The same thought is almost expressed in the song at the end of Life of Brian (which I hadn’t seen yet), and the attitude is there in Casino Royale (the modern one), specifically the scene where Daniel Craig is tied to a chair. (Who was winning, in that confrontation, before he gets rescued? The guy with the whip?) If you refuse to let circumstances get you down, you’ve already won, in a way. I’d been slowly figuring that out during my first thirteen years on the planet, and it finally clicked into place that summer, when I wrote my first (voluntary) poem.
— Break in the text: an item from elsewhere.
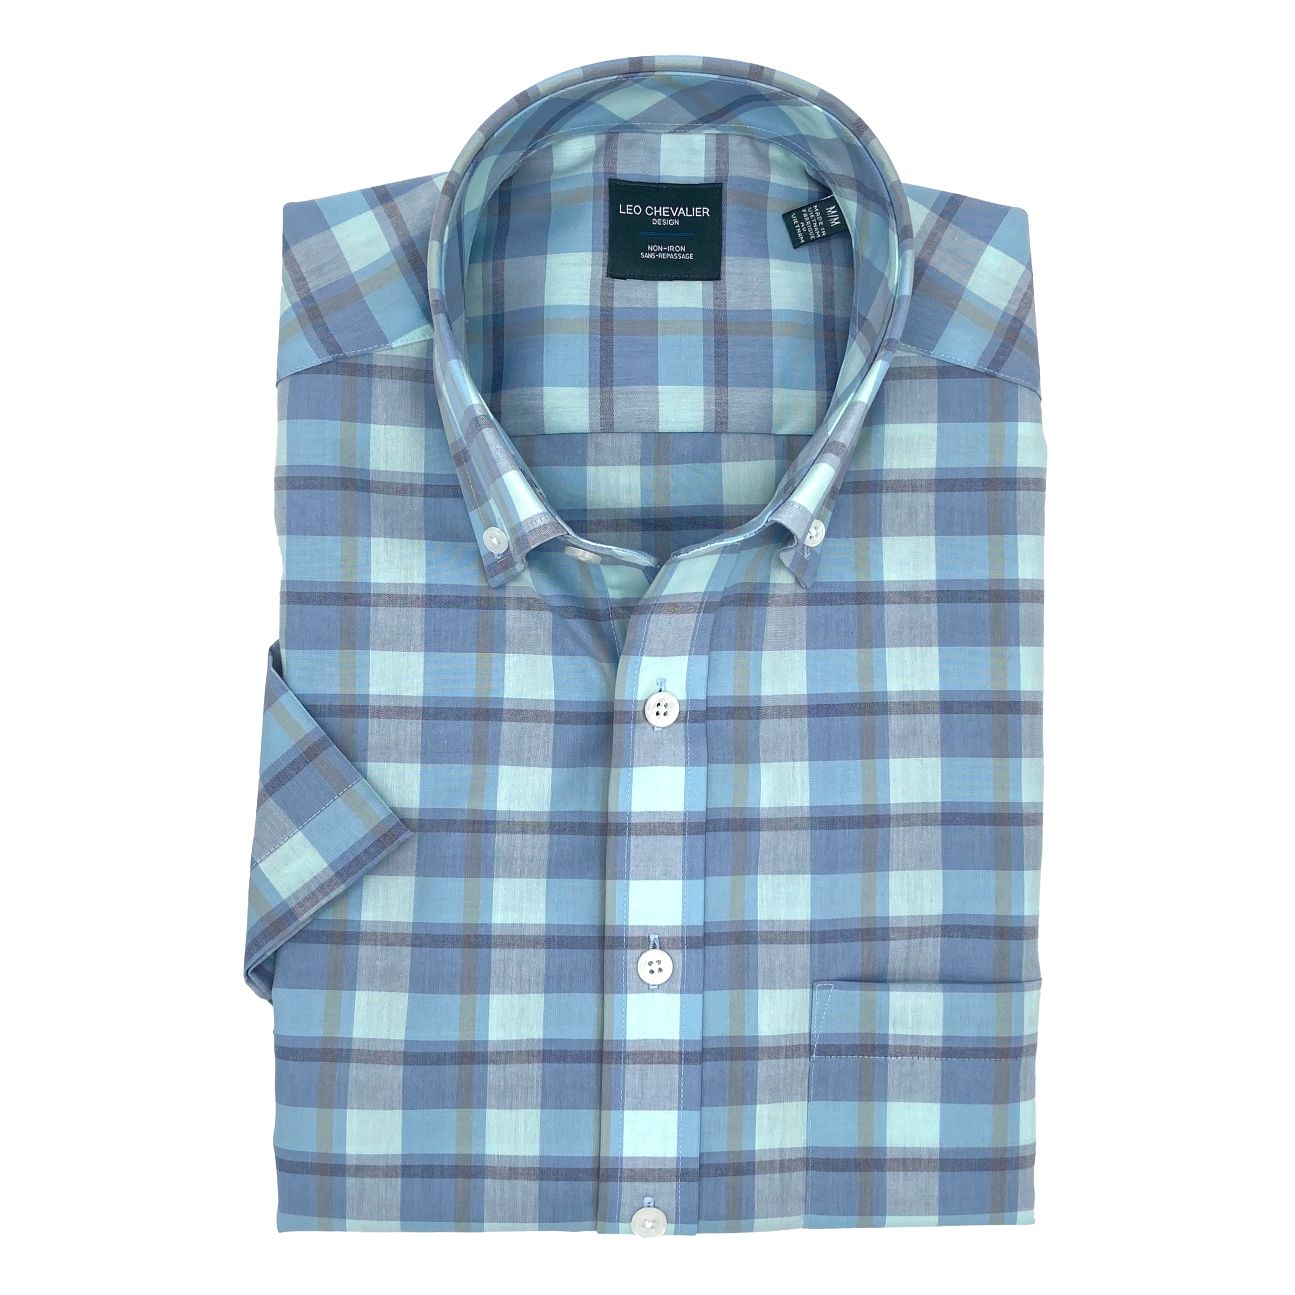 Aqua Multi Plaid Short Sleeve No-Iron Cotton Sport Shirt with Button Down Collar by Leo Chevalier

Many years later, in 2015, I was in hospital for a couple of weeks with a mystery stomach complaint, unable to eat or drink without throwing up instantly (they never found out what it was, they gave me five different cures and one of them eventually worked). Health is one of the few areas of life actually worth getting upset about, but on this occasion I still didn’t — I decided to treat it as a holiday, keep my iPod nearby, enjoy the drugs (not something I’ve much experience with otherwise) and let the medical professionals figure it out.

When he stopped by my bed on his daily rounds, I would grin at the doctor and ask him how things were going — maybe manage a quip or two. ‘This is no good,’ he eventually said, shaking his head in despair. ‘You need to look more sad, or no one will be motivated to cure you.’ So that, I guess, is the opposing side of this argument.

As for the poem, it was entered in the 13–18 category… and you have to think, if there had been one 18-year-old with a passing interest in poetry in the whole of East Yorkshire, surely I’d have lost. Perhaps as a result, you’d never have heard of me — and you’d certainly not be reading that poem, two decades later. But fate had something different in store.